BELEAGUERED virtualisation firm Vmware, surely feeling the heat from 'free as in freedom' virtualisation offerings as well as 'free as in beer' ones, has decided to increase its chances of survival by releasing its Vmware 'thin client' under the Lesser GPL licence.
Vmware recently admitted that it faces increased competition from free products said company CEO, former Microsoftie Paul Maritz. That's an ironic twist of fate, since Martiz became famous for his quote against Netscape when in disclosed internal e-mails as part of the DOJ-vs-Microsoft trial, he said, "We are going to cut off their air supply. Everything they're selling, we're going to give away for free", referring to then-dominant browser maker.
Now he heads a company whose product faces the 'Microsoft treatment' from rivals Sun Microsystems, Red Hat and others.

Vmware's closed-source Vmware Player faces competition from Sun Microsystem's GPL-licensed VirtualBox, among others.

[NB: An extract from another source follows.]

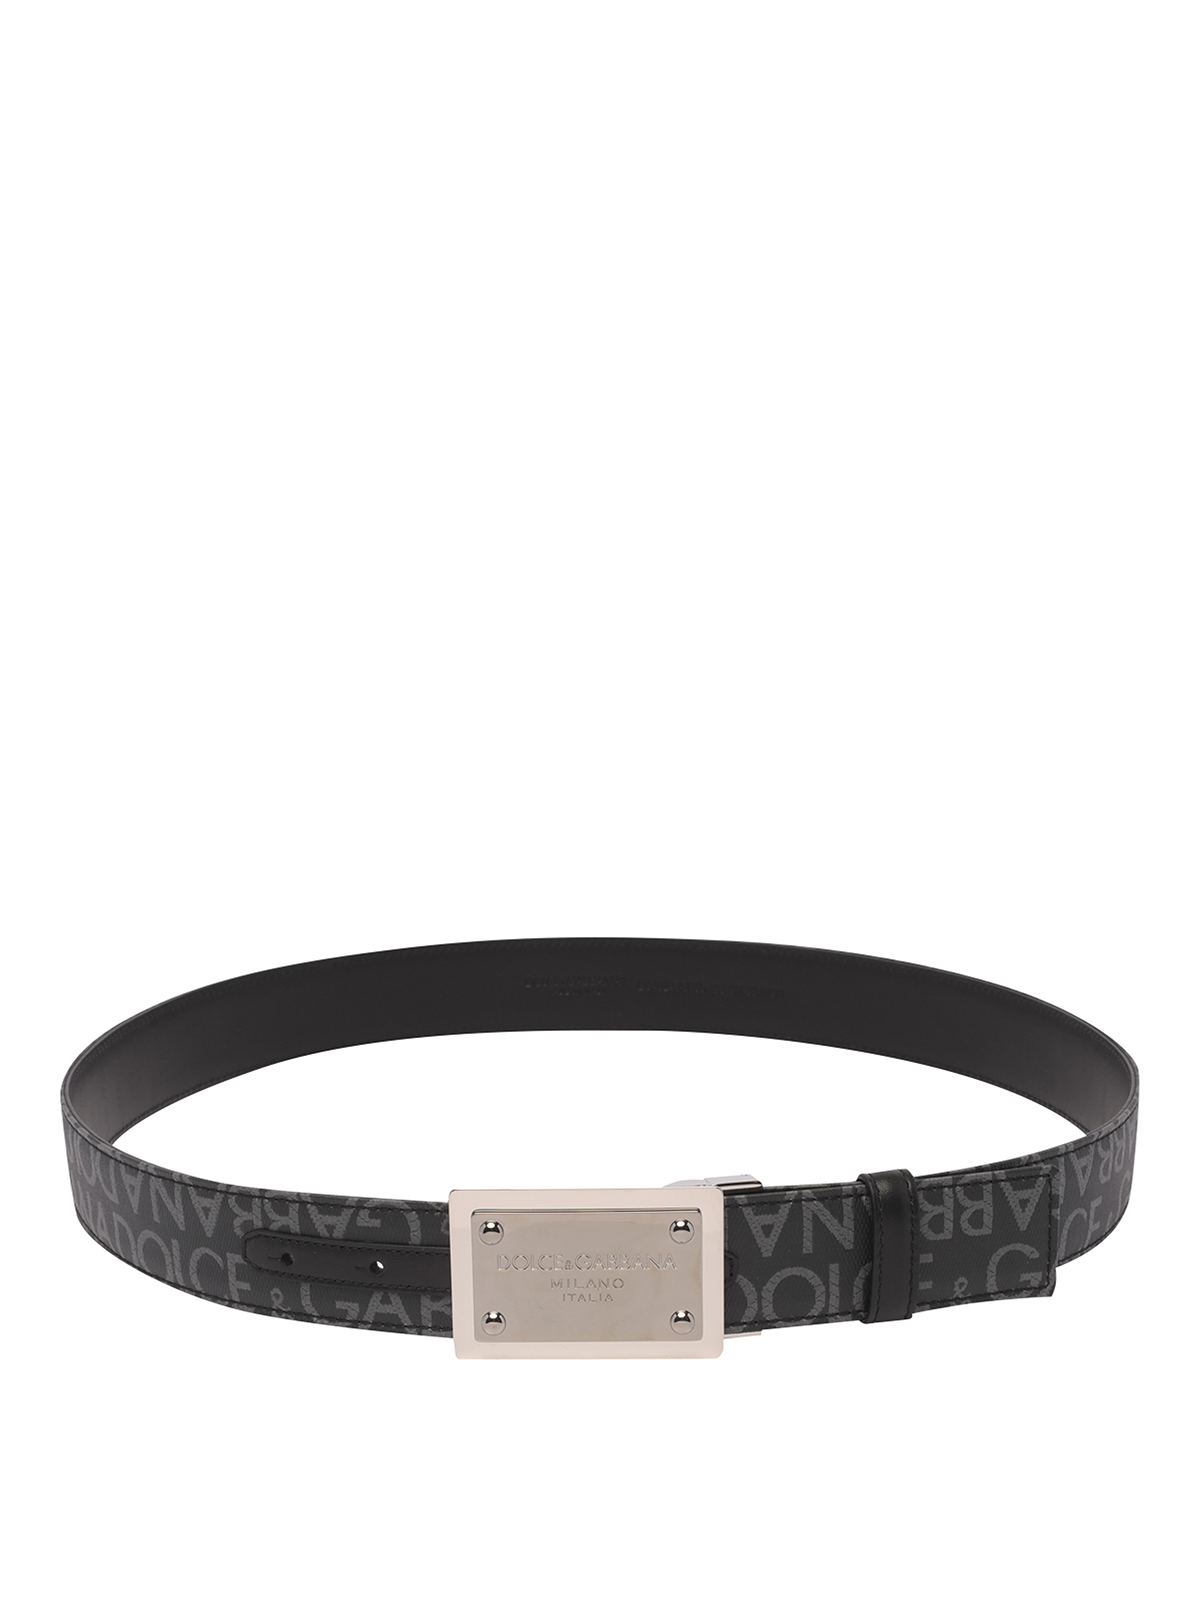 Dolce & Gabbana Reversible Logo Belt In Black

Vmware's open sauce offering is dubbed Vmware View Open Client and is available over here as a 1.5MB+ rpm, with .deb and compressed source code archives as well. This version does not include features like USB redirection, multiple desktop sessions, and multimedia redirection. It lets you connect from Linux desktops to remote Windows machines managed by VMware View.
What really needs an Open Source version, in any case, is Vmware Player, a piece of software which gave this scribbler the fits not too long ago. Hopefully the open sauce version of this thin client will get its bugs fixed faster. [update: installing on Fedora 10 complains about missing "rdesktop" package - D'oh]

Vmware's GPL competitor: Sun's VirtualBox
No wonder Vmware is in trouble. We've been running Sun's Virtualbox for quite some time, and are happy to report it works just fine with the Windows 7 beta - Sun claims it was the first virtualisation product to support Win7 - since its last release it also allows running 64-bit guests under a 32-bit host, if the host processor supports AMD-V.
Let's hope beleaguered Vmware can get its act together and that this move does't prove to be too little, too late. µ
Whilst VMware player and server are solid, well designed free applications (at least for personal use), VirtualBox is a pile of shit that has inconsistent compatibility across both host and guest operating systems and architectures (32 or 64 bit).
With VMWare server, I can be (reasonably) certain that any crash is due to poor code in the guest OS rather than a fault in the host VM software. With Virtualbox, my experience is the opposite - suspect VB first, check OS second.
Does anyone else think that the future for VMWare now has a finite time limit since Microsoft have released a free alternative in Hyper-V? Regardless of product quality, one-product-companies like VMWare do not tend to have much of a lifespan after MS enters their market. Netscape anyone? How about that company making hard disk compression software? Wordstar? I think the future is more rosy for Citrix, with their XenServer product than for VMWare.
AG
Beleagued? VMware? I think you're talking about a different company, surely? Your article is not a true reflection in my opinion of the success that VMware is still sustaining, just look at their Q4 results. Also, would you please use a spell checker before you post your articles - open sauce? is this a new product from HP?!
Analysis my arse.
I believe the author of the article has little understanding of the current and emerging nature of virtualisation products. The basic virtualisation tool is now reaching the same status as a web browser. No one expects to pay for web browsers, which all offer a minimum set of expected functions. This is the case with all the free tools like VirtualPox, VMware Player, VMware Server, Virtual Iron, Xen opensource and so on.
The basic virtualisation platform is now a commodity. VMware makes its money from enterprise level businesses that need the high revenue addon products to virtualisation that enable High Availability, Dynamic Resource Management, Disaster Recovery and so on.
At the Enterprise level, Citrix/Xen is a promising but distant second to VMware and Microsoft is still laughably missing the plot in virtualisation.
Lets see dome real 'analysis' articles that compare the capabilities of enterprise features like Vmotion, XenMotion and HyperV Quick Motion.
The person who wrote this article has made it painfully obvious they have not done their homework and have no more idea about what's going on in the virtualization market that the average home user. Misspelling "source" is the cherry on top of one of the most poorly researched and written IT articles I have ever had the misfortune to read.